Originally published in The Ottawa Citizen December 11, 2001
In Ontario there are two drug programs designed to reduce the burden of medication costs: The Ontario Drug Benefit Program (ODB) and the Trillium Drug Program (TDP). The ODB covers the cost of medications for seniors, welfare recipients and the disabled. The TDP, a co-payment plan varies with an individual’s or family’s income.
Within the ODB there is a substantial list of medications that require the use of the Limited Use form. As the name implies, “Limited Use” is designed to control the use of newer more expensive medications. A patient becomes eligible to receive these medications if they “qualify” for them. Another component is the Section 8 reserved for medications covered only if it is critical to the patient’s survival. Bureaucrats decide on the use criteria. It frequently drives both physician and patient to frustration.
For example, Avandia and Actos are new medications used in the treatment of Type 2 (non insulin dependent) diabetes. They too are designed to control blood sugar but also have the advantage of promoting kidney protection, heart disease risk reduction and improved cholesterol profiles. Some patients are able to reduce the dose of their other diabetes medications. With early use especially in the younger diabetic, the risk of the diabetic complications can be reduced. However, these are Section 8 medications. Unless the patient has failed to have their blood sugar controlled with the other available medications, the cost will not be covered.
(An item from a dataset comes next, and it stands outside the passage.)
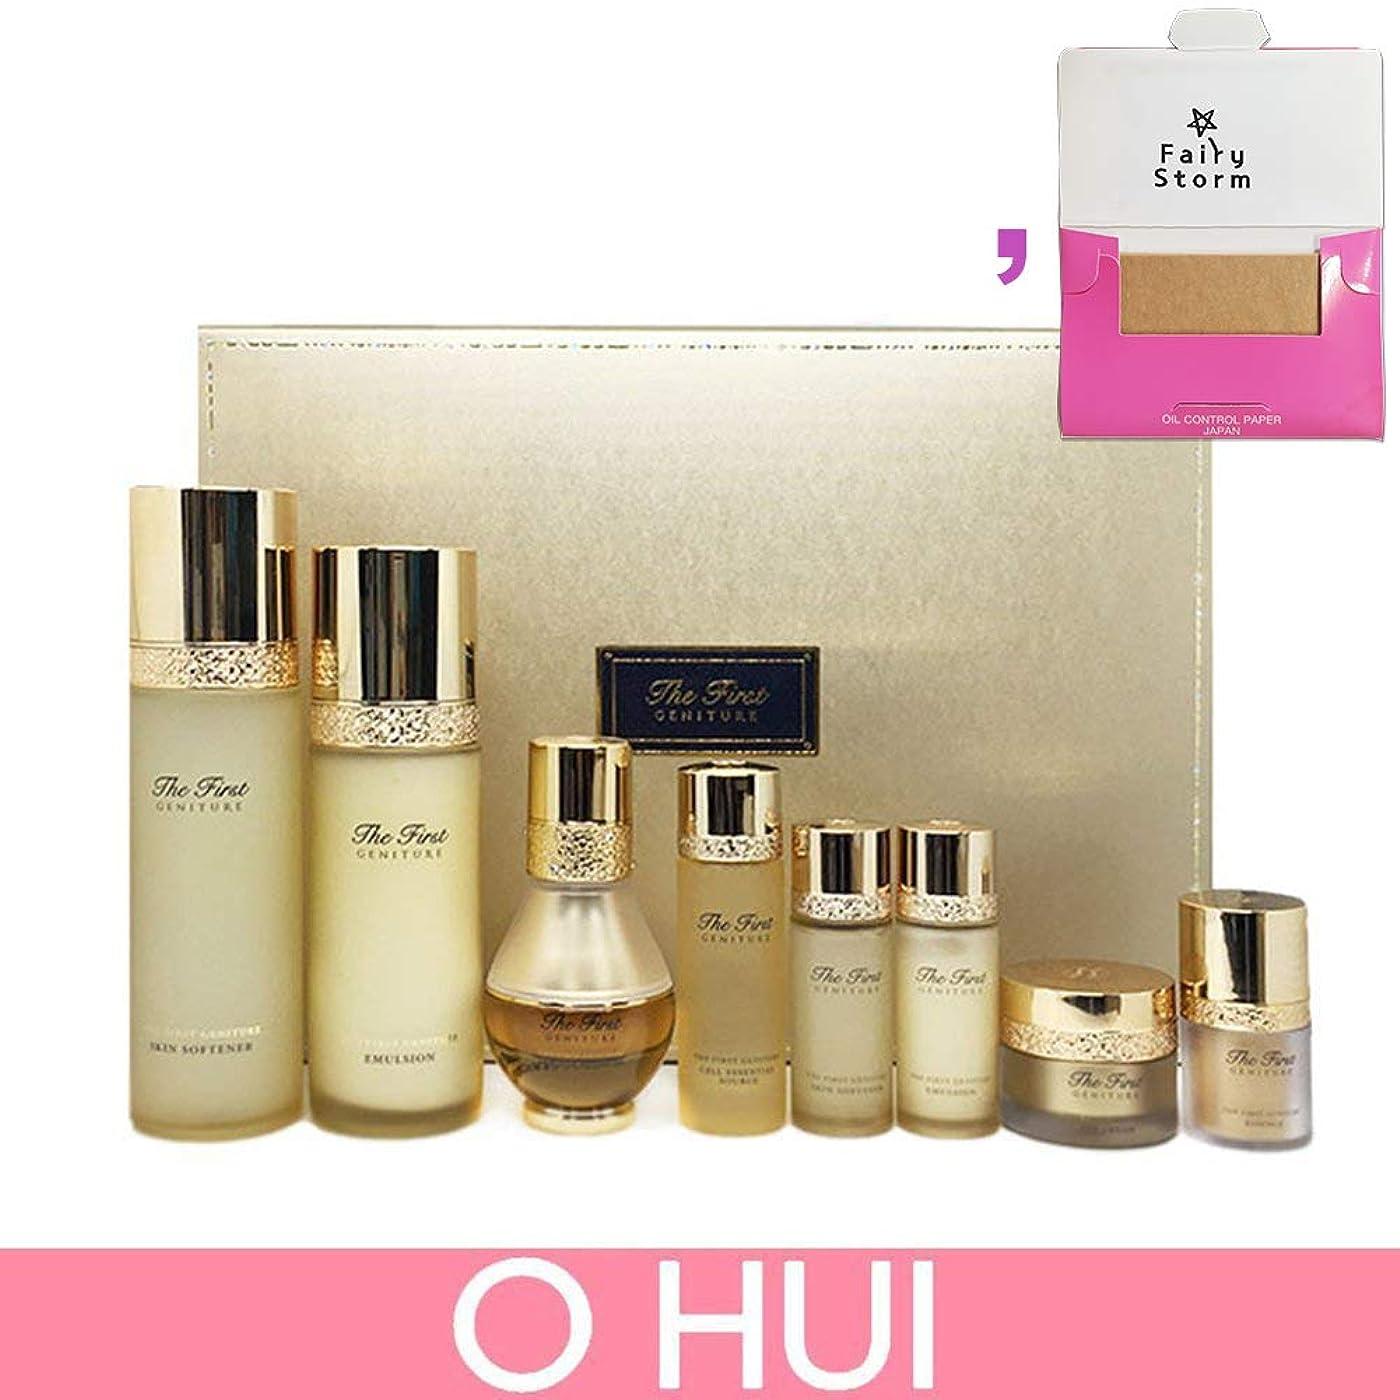 学んだ名前巡礼者[オフィ/O HUI]韓国化粧品 LG生活健康/O HUI THE FIRST 3EA SET/オフィ ザ?ファースト 3点セット + [Sample Gift](海外直送品)

For the treatment of osteoporosis only one drug is covered: Didrocal. It maintains bone density in the hip and spine. More efficacious “Limited Use” medications like Fosamax or Actonel are available but cannot be used until there is proof that Didrocal was ineffective. If, while using Didrocal, you suffer a new osteoporosis fracture after a year or your bone mineral density has decreases by more than three percent over two years or you experience intractable side effects, then you can be prescribed Fosamax or Actonel.
Fracture repair and rehabilitation costs more than the medication. Consider the suffering and affect on quality of life. Hip fractures in the elderly can be fatal. Physicians are in the business of providing the best possible care for their patients. It is frustrating when there is a better medication for your patient but you cannot prescribe it. People have to experience uncomfortable side effects, suffer a grievous injury or demonstrate that the medication is ineffective before being eligible for coverage.
The issue is long term versus short term cost savings. We are aware of the increasing utilization of hospital-based care. Is it not better to invest in treatments that can potentially reduce future utilization? If we can keep someone away from diabetes-induced kidney disease, dialysis, heart disease, heart attack and amputation, is it not in everyone’s best interest to invest in their continued well being?
The cost of developing a new medication varies between 500 million and one billion dollars. On average one new drug is developed for every 5000 tested. It takes about ten years to bring a drug to market. Pharmaceutical companies must have a return on their investment but not to abuse their position. Why is there great cost disparity between the United States, Canada and Latin America for the same medications? Should not pricing be standardized worldwide? As much as I support the efforts of our pharmaceutical companies, they must be reasonable. What is an acceptable return on their investment? There has to be a balance between profits and humanitarianism. Despite popular belief, doctors are in cahoots with pharmaceutical companies. Most of us treat patients with medications that we ourselves would use under similar circumstances. Sometimes that involves prescribing a more expensive non-covered medication.
As it stands our healthcare system unsustainable. By 2020, Ontario’s elderly population will increase by 70% while the total population will increase by 25%. We cannot afford to cover the total cost of these medications. We can choose to use less expensive drugs for our health problems or opt to choose newer and perhaps more efficacious treatments but pay for them.
In Quebec, patients have a co-payment plan wherein the government covers the basic cost of medications and the patient pays the difference. A sliding scale based on income could reduce the burden for those less capable of paying for their medications.
The definition of who qualifies for complete coverage will have to change. It is not a palatable choice but we are forced to consider it. The sooner that government admits that it cannot afford the current healthcare system the better. Expecting governments to pay for everything is not an option anymore. It means applying for supplemental medication insurance with government providing coverage for the inexpensive basics. Those that can afford insurance can reduce the burden on the system so we can help the less fortunate. We have to be proactive, responsible and not wait for bureaucrats to fix it.